--- TASK ITEM ---
Look below for the line with "Freelance Logo Design"; begin the copy there and stop after the line with "Chip with texas caviar", keeping the text exact and the pictures out.

--- RECORDED DATA ---
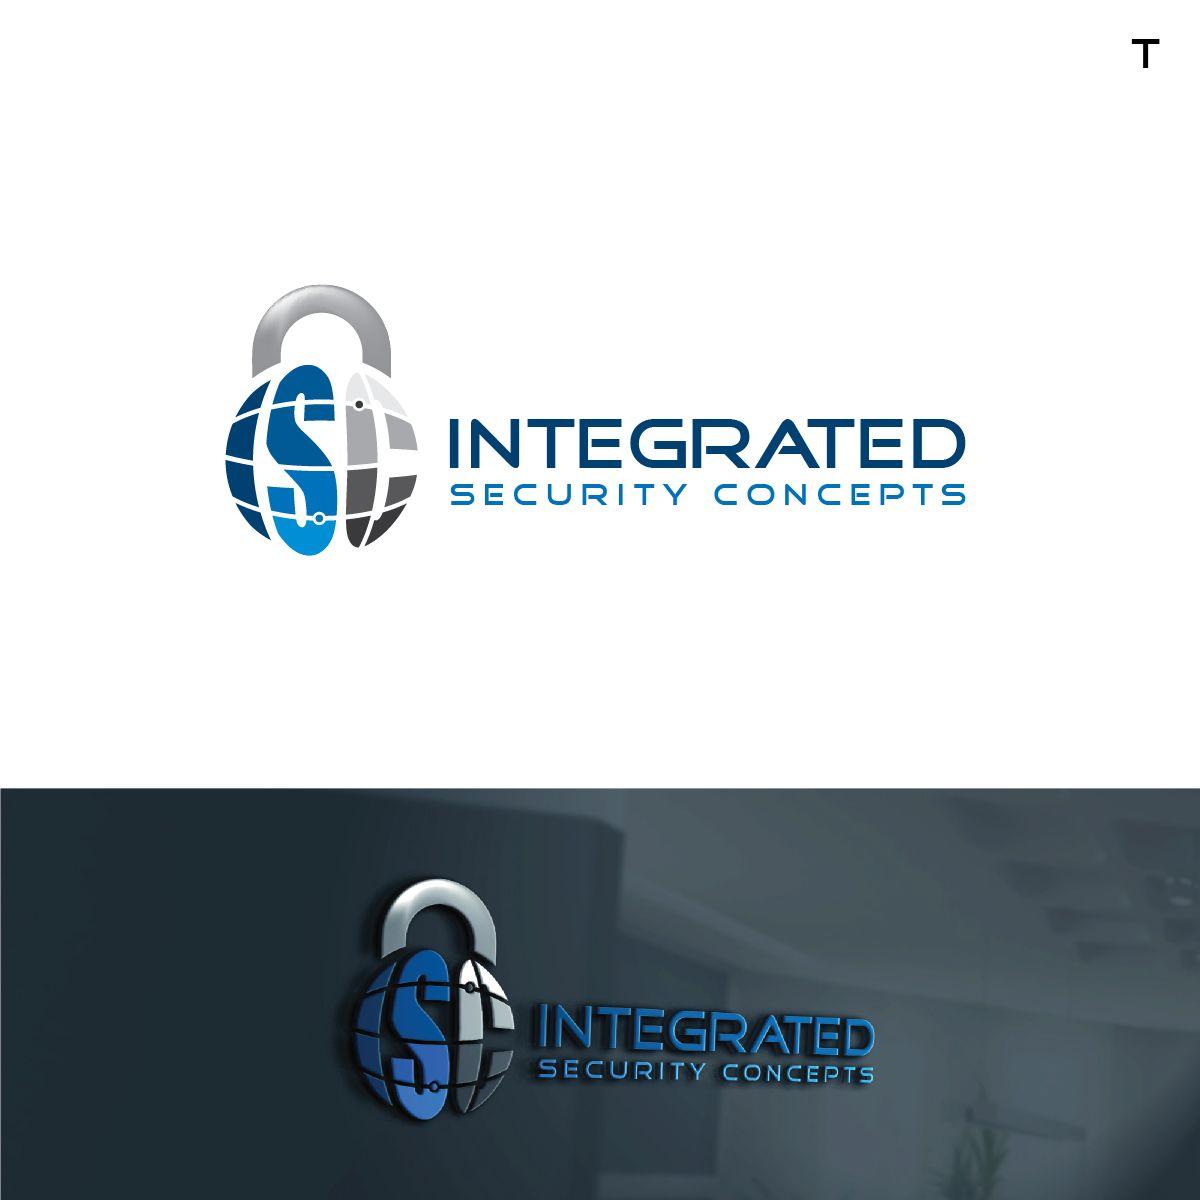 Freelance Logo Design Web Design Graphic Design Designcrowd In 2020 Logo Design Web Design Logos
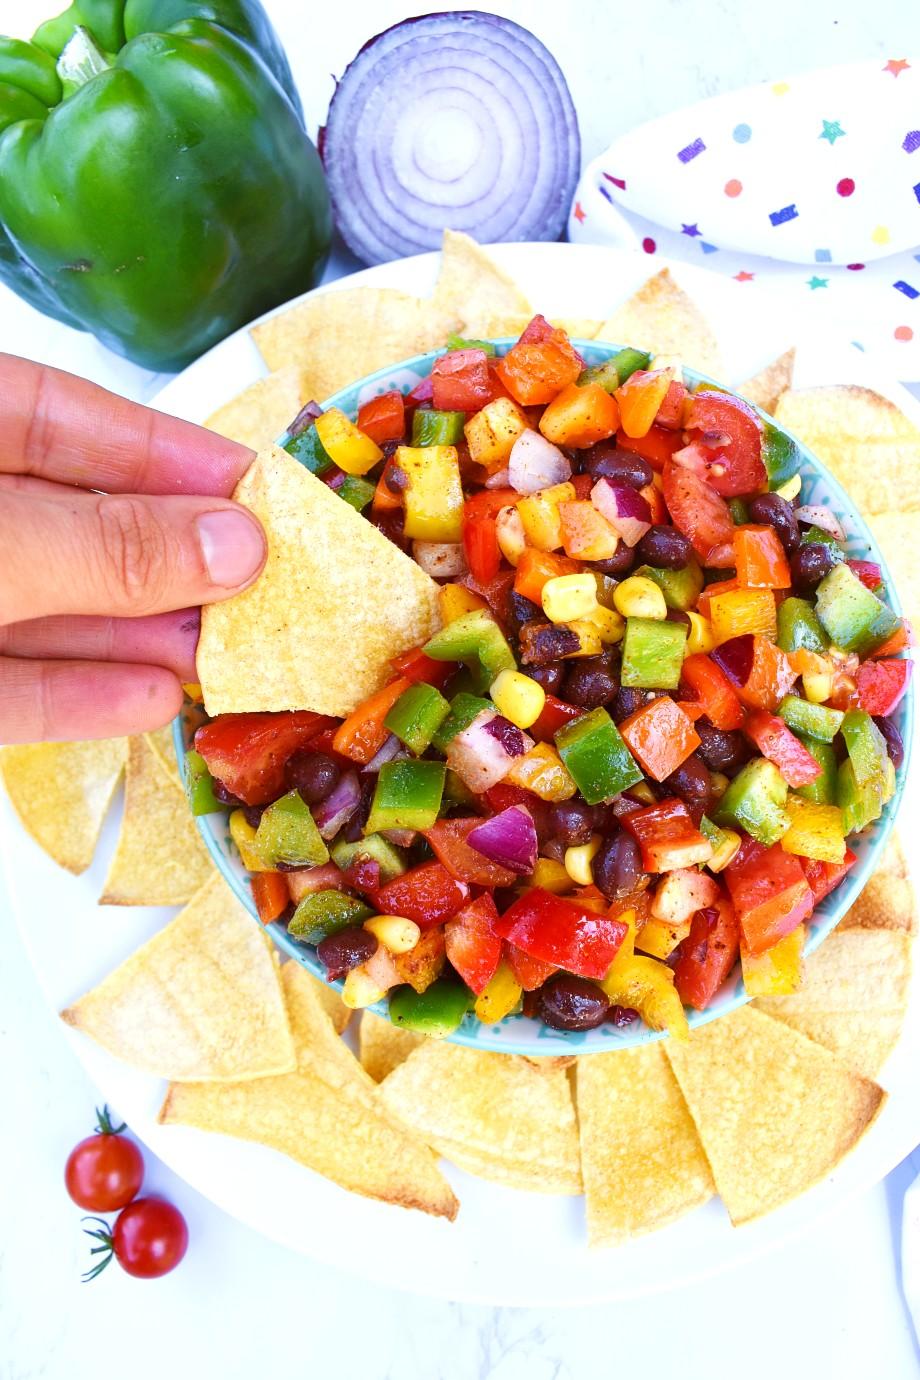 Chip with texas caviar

==

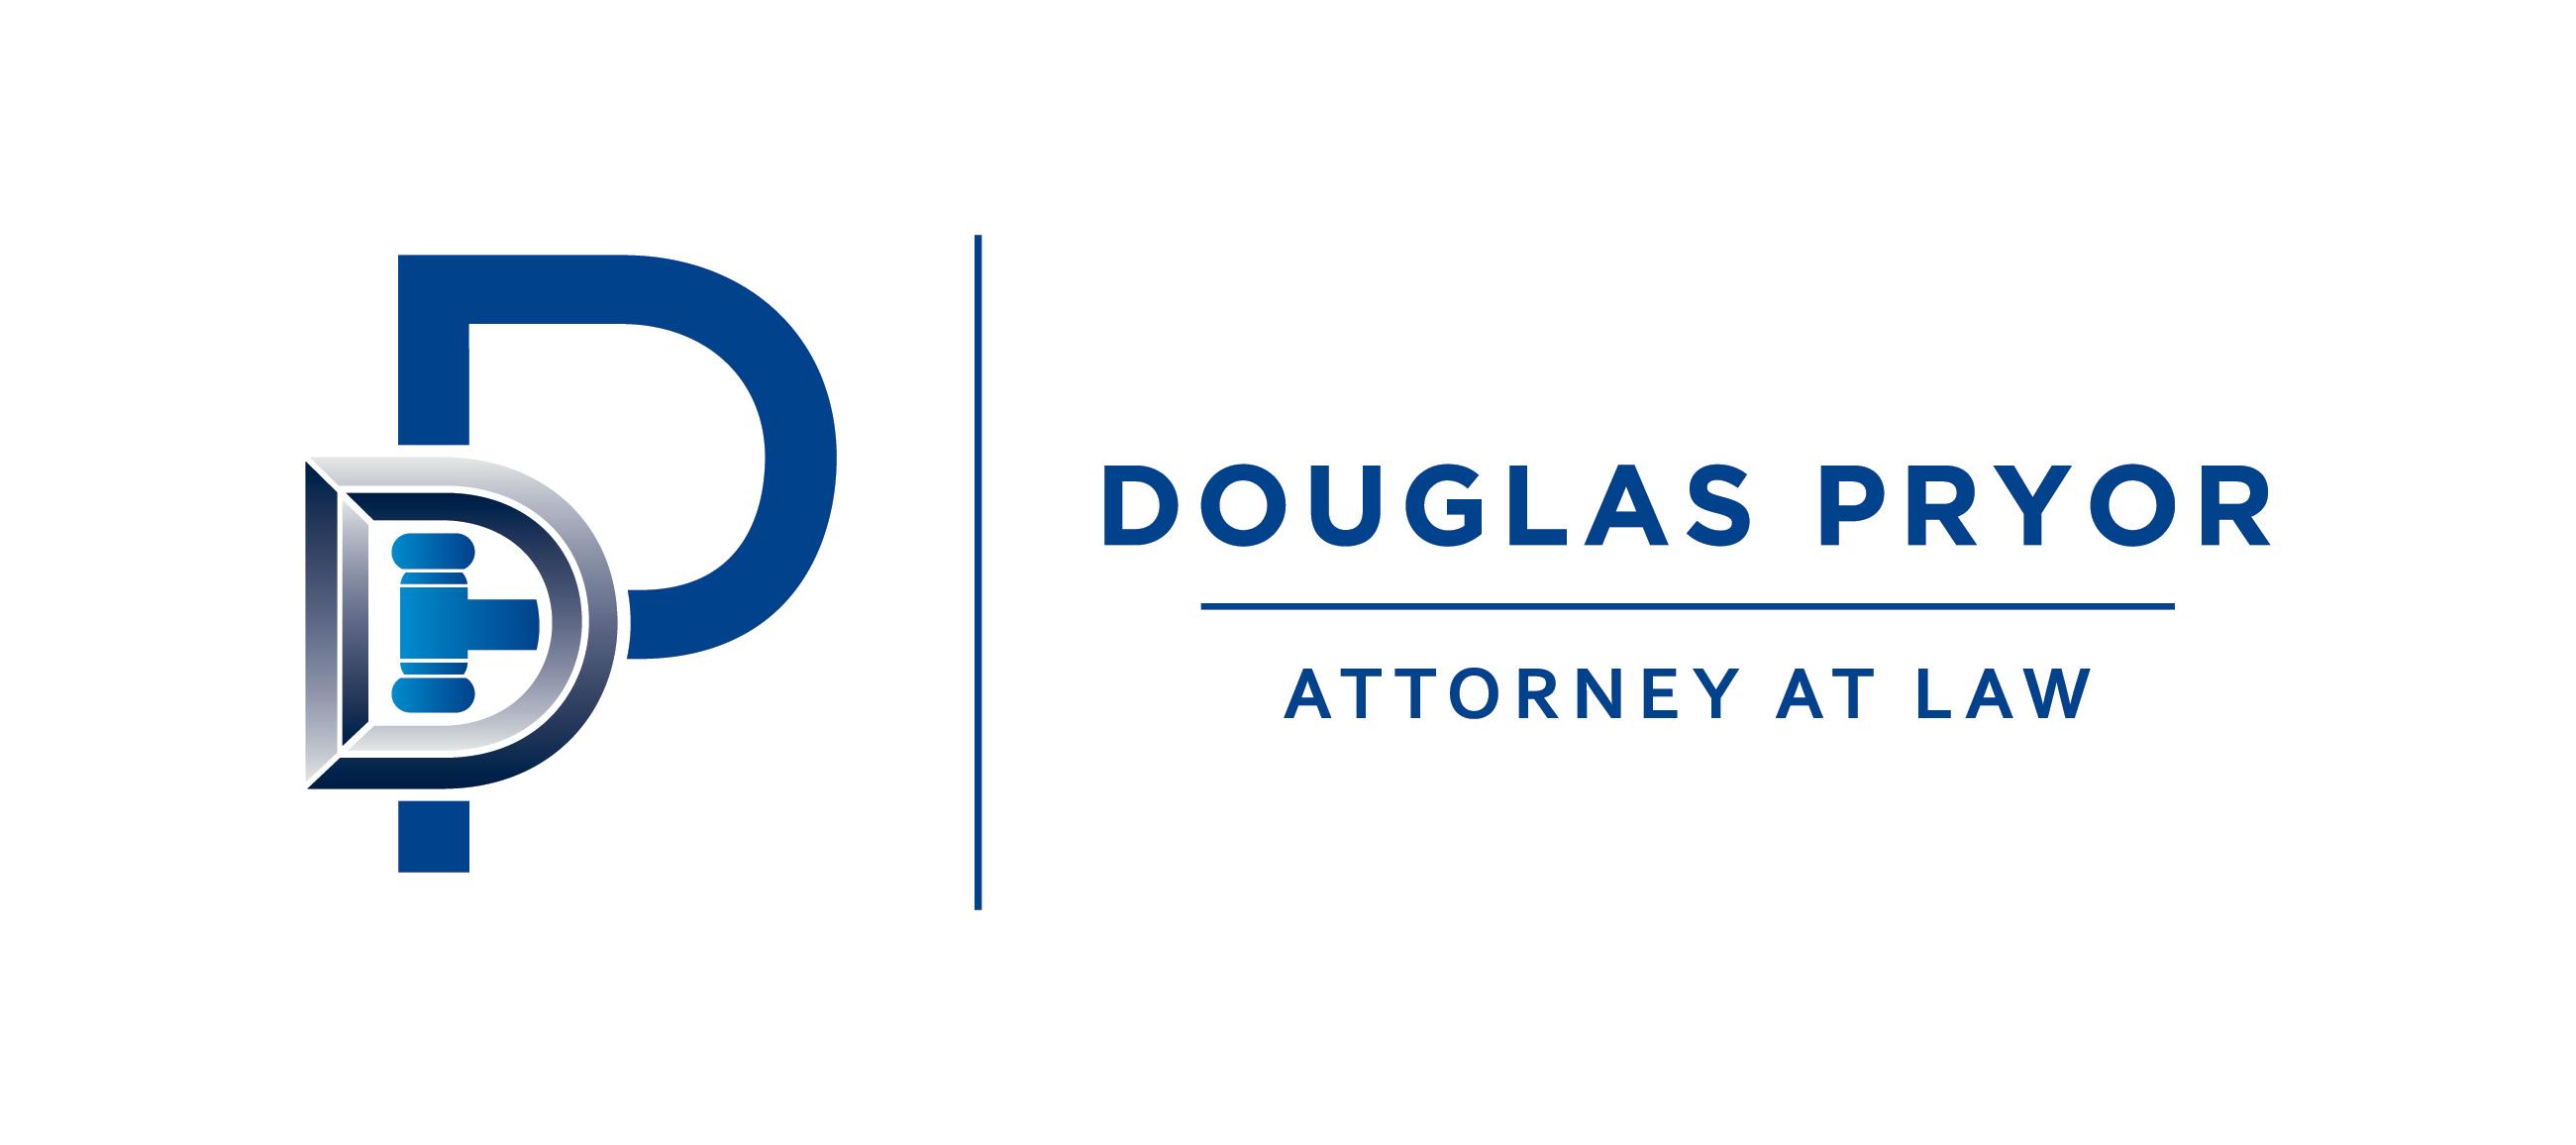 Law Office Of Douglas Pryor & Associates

--- EXERCISE OUTPUT ---
 Freelance Logo Design Web Design Graphic Design Designcrowd In 2020 Logo Design Web Design Logos
 Chip with texas caviar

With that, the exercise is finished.